For production environments:

using AWS IAM Roles you can define a token with accessKeyId and secretAccessKey in the aws object
when running the Livingdocs Server in EKS, use the IAM Roles for Service Accounts feature to assign the required permissions to the Livingdocs Server pod.
when running the Livingdocs Server in ECS/Fargate, use the IAM Roles for Tasks feature to assign the required permissions to the Livingdocs Server task.

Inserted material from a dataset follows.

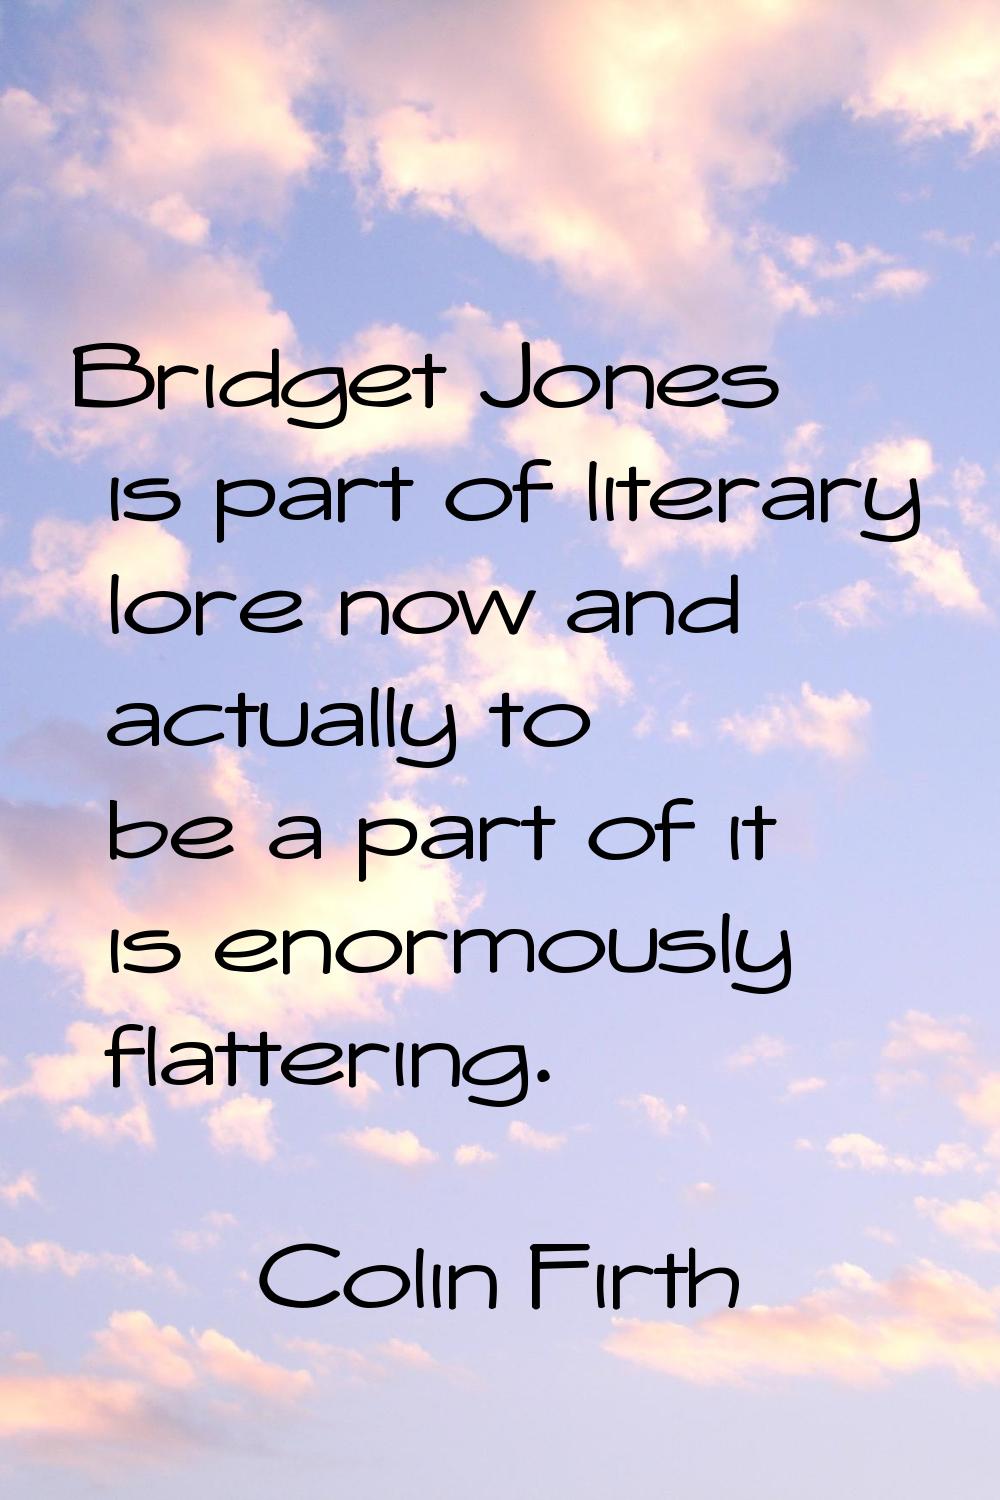 Bridget Jones is part of literary lore now and actually to be a part of it is enormously flattering

For local development, AWS Profile credentials can be used when connecting to remote Opensearch/Kibana. In both cases make sure to define the region property.

search: {
  elasticsearchClient: {
    aws: {
      region: 'eu-central-1'
    }
  }
}

server Public api

Support `publishControl.visiblePublicationDateOverride` on Import API 🎁

The publishControl.visiblePublicationDateOverride property can now be set within the documents parameter when importing articles via the Import API. This allows you to set the visible publication date override when importing documents. As with other publish related properties, "flags": {"autoPublish": true} must be defined when using the Public API.

server Webhooks

Add support for ‘document.create’ and ‘document.delete’ webhooks 🎁

New webhooks for document create and delete have been added to the webhooks list. These webhooks are triggered when a document is created or deleted. Please find webhook payload examples below:

{
  "event": "document.create",
  "deliveryId": "KIOSZpPUt8X6X-FDlnLTX",
  "projectId": 3,
  "projectHandle": "service",
  "webhookHandle": "test-1",
  "documentId": 123,
  "actor": {
    "type": "user"
  }
}

{
  "event": "document.delete",
  "deliveryId": "Vulsdw3-y2JLqnE13NjPa",
  "projectId": 3,
  "projectHandle": "service",
  "webhookHandle": "test-1",
  "documentId": 123,
  "actor": {
    "type": "api-client",
    "name": "Publibot 3000"
  }
}

editor Media Library Search

Sort options of DisplayFilters are respected in Media Library 🎁

The Media Library DisplayFilter respects sorting options. This adapts the behavior of the Table Dashboards. The sorting options are defined in the DisplayFilter configuration.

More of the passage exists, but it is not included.